Researchers close in on cure for Type 1 diabetes


Scientists may be getting closer to finding a stem cell cure for Type 1 diabetes—the type that may require insulin injections for life—after conducting stem cell transplants on mice.
A group of researchers in California said they managed to reverse the equivalent of Type 1 diabetes in mice by transplanting stem cells.
"Here, we describe a stepwise method in which pluripotency reprogramming factors were transiently expressed in fibroblasts in conjunction with a unique combination of soluble molecules to generate definitive endoderm-like cells that did not pass through a pluripotent state. These endoderm-like cells were then directed toward pancreatic lineages using further combinations of small molecules in vitro," they said.
They added the resulting pancreatic progenitor-like cells "could mature into cells of all three pancreatic lineages in vivo, including functional, insulin-secreting β-like cells that help to ameliorate hyperglycemia."
"Our findings may therefore provide a useful approach for generating large numbers of functional β cells for disease modeling and, ultimately, cell-based therapy," they said.
Authors of the paper include Ke Li, Saiyong Zhu, Holger A. Russ, Shaohua Xu, Tao Xu, Yu Zhang, Tianhua Ma, Matthias Hebrok, and Sheng Ding.
A separate report on UK's The Guardian said the researchers' experiments replaced cells in the pancreas unable to make insulin after being damaged by diabetes.
Without insulin, the body will have a hard time absorbing sugars such as glucose from blood. Presently, glucose levels can be monitored and regulated with insulin injections.
The researchers from the Gladstone Institutes in San Francisco collected skin cells (fibroblasts) from laboratory mice and treated them with a mix of molecules and reprogramming factors.
The cells were transformed into endoderm-like cells, the type that eventually mature into the body's major organs including the pancreas.
Li, the lead author, said they used another chemical cocktail to turn these endoderm-like cells into cells that mimicked early pancreas-like cells (PPLCs).
"Our initial goal was to see whether we could coax these PPLCs to mature into cells that, like ß-cells, respond to the correct chemical signals and – most importantly – secrete insulin. And our initial experiments, performed in a petri dish, revealed that they did," Li said.

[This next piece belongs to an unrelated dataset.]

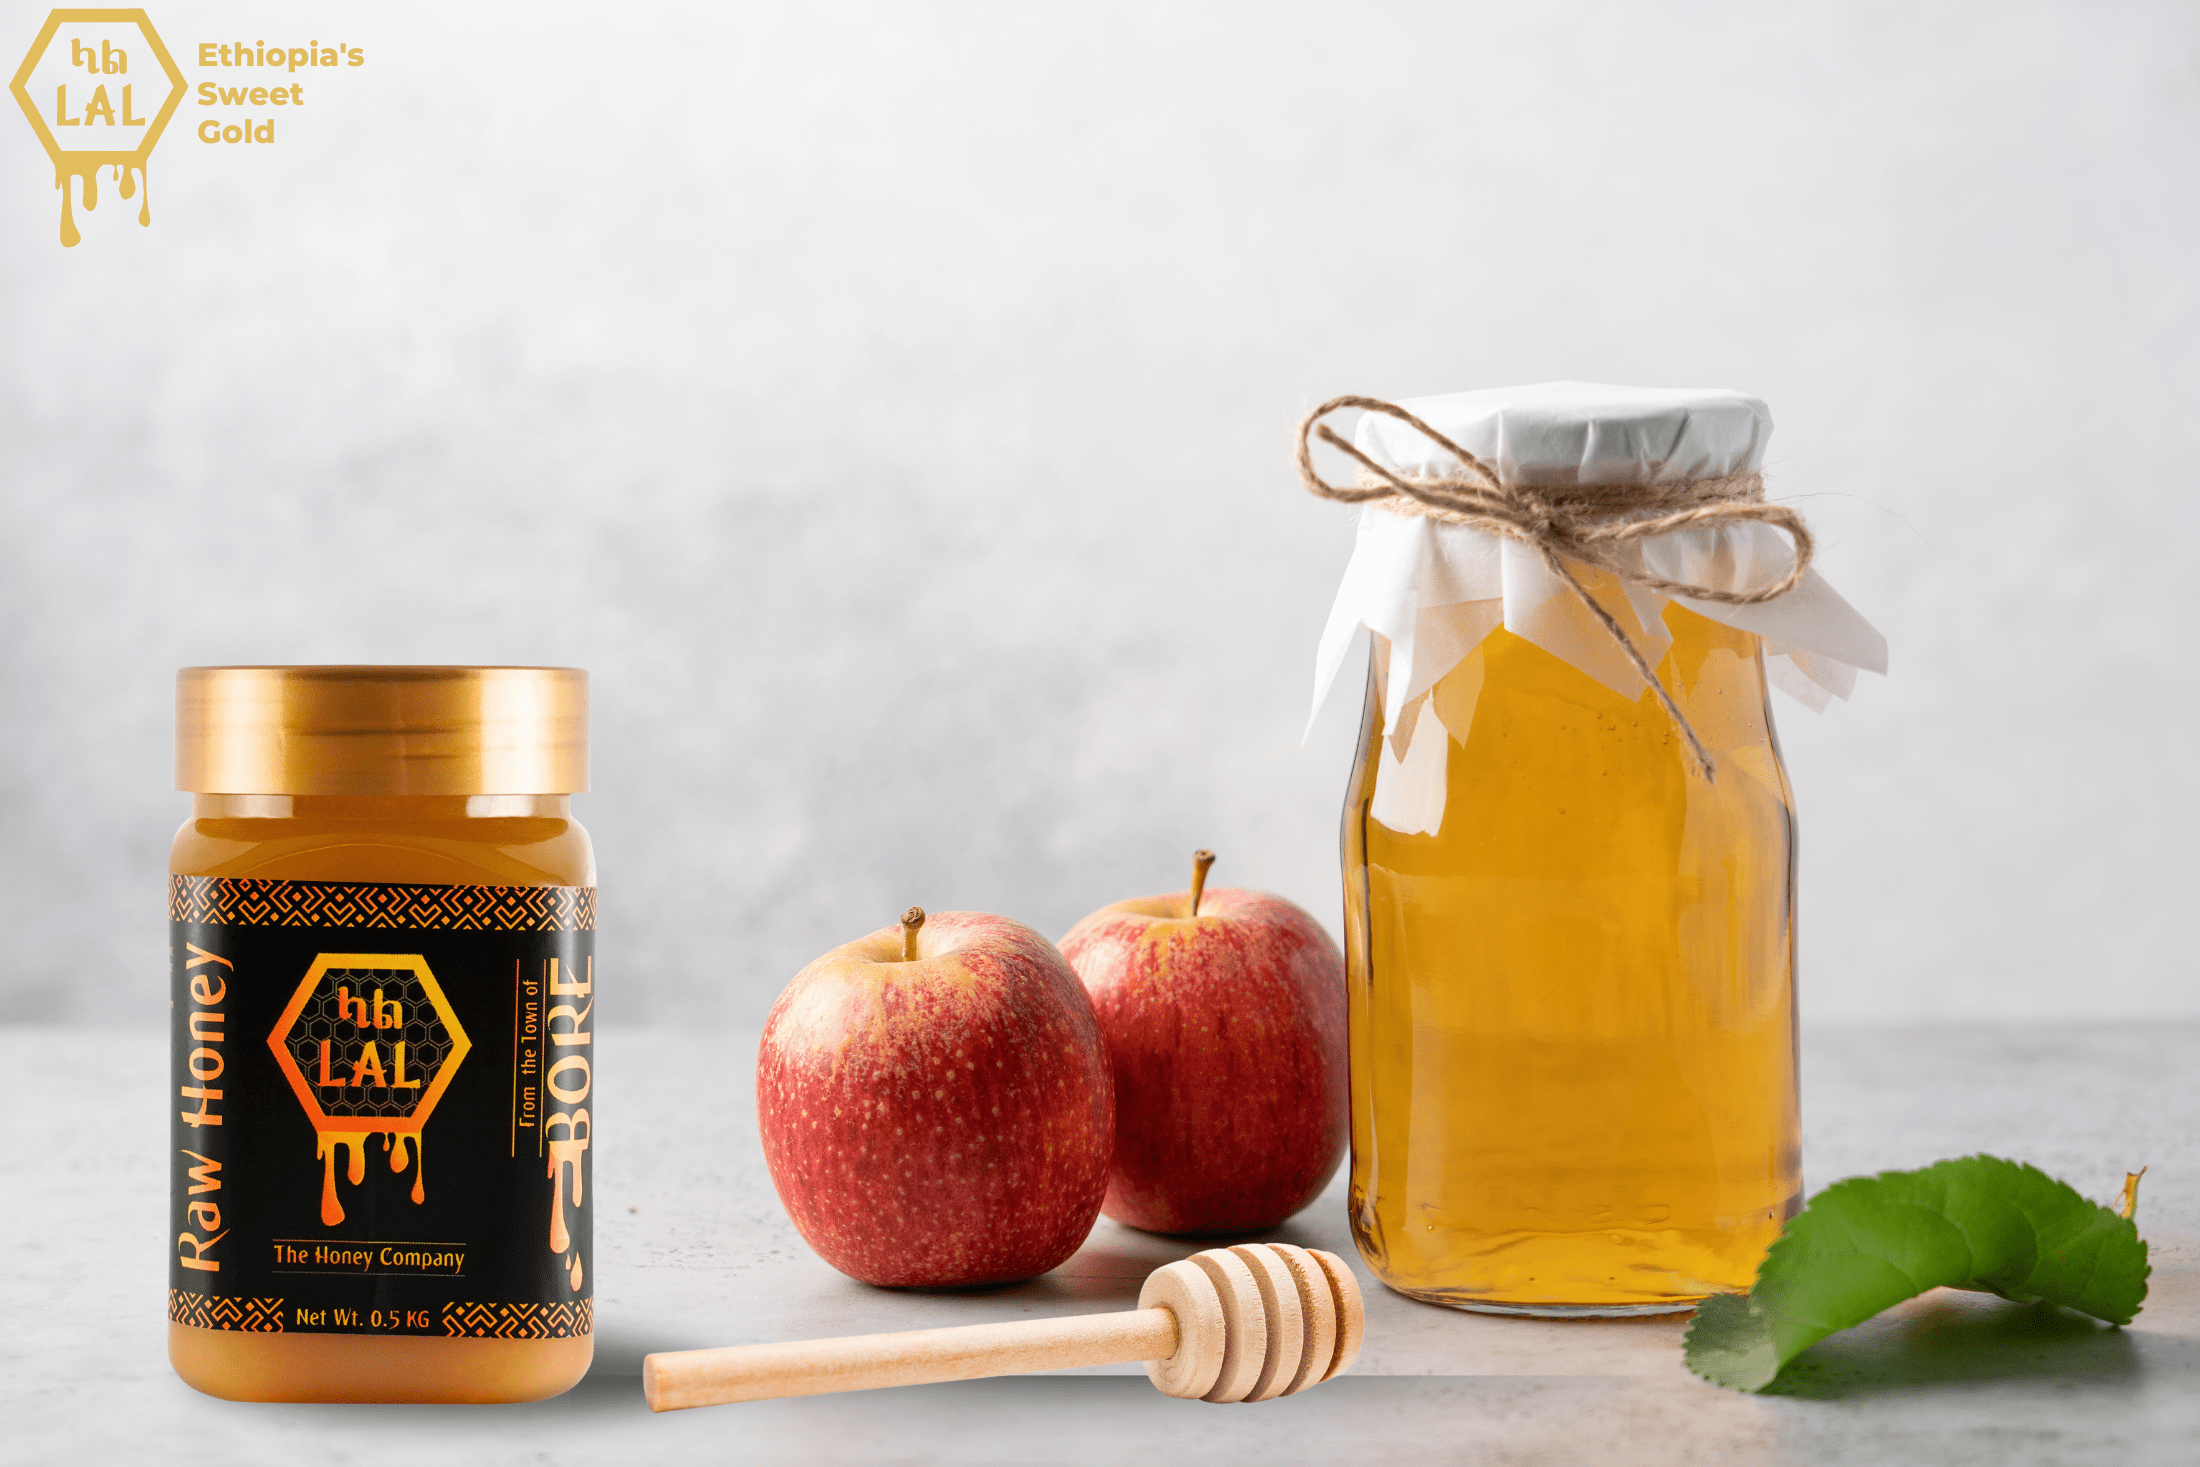 A serene landscape featuring apple cider vinegar, a jar of Ethiopian honey against a backdrop of Ethiopian landscapes, symbolizing the blend of health and culture.
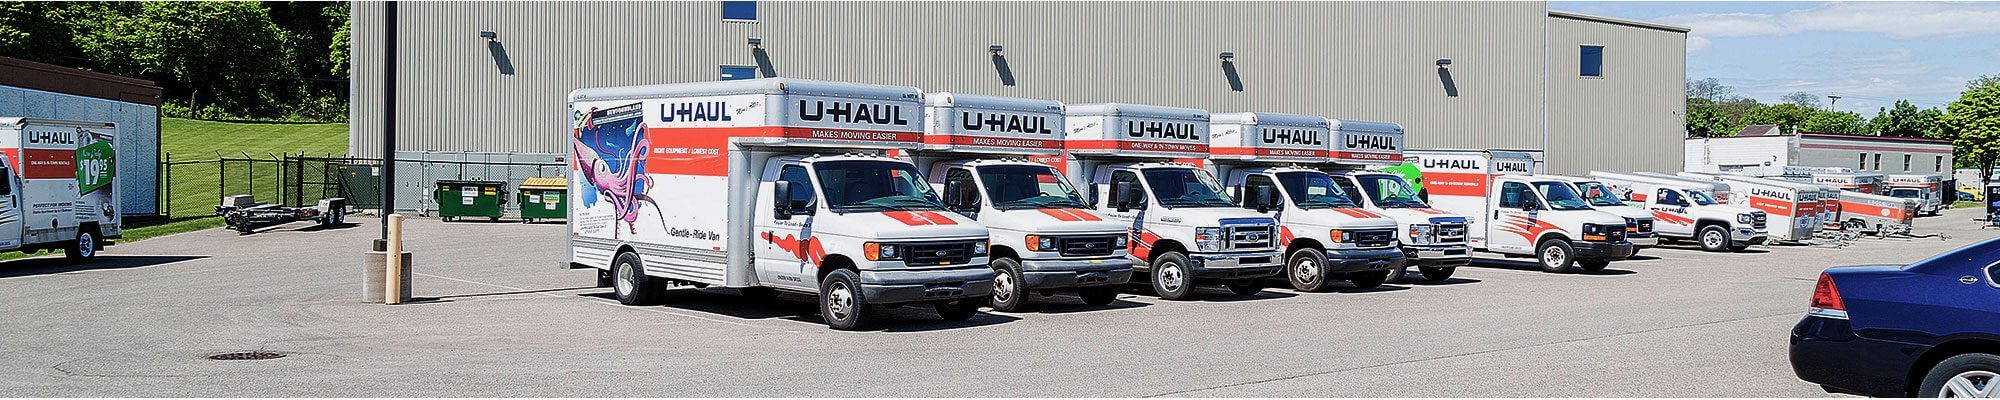 u-haul trucks and trailers

When the team injected these cells into mice genetically modified to have high glucose levels to mimic the Type 1 diabetes in humans, the mice's glucose levels started to decrease and approach normal levels "just one week post-transplant."
"And when we removed the transplanted cells, we saw an immediate glucose spike, revealing a direct link between the transplantation of the PPLCs and reduced hyperglycemia [high glucose level]," Li said.
Even better, the researchers found the pancreas-like cells turned into fully functional insulin-secreting ß-cells, eight weeks after the transplantation.
"I am particularly excited about the prospect of translating these findings to the human system. Most immediately, this technology in human cells could significantly advance our understanding of how inherent defects in ß-cells result in diabetes, bringing us notably closer to a much-needed cure," said Matthias Hebrok, one of the study's authors and director of the UCSF Diabetes Center.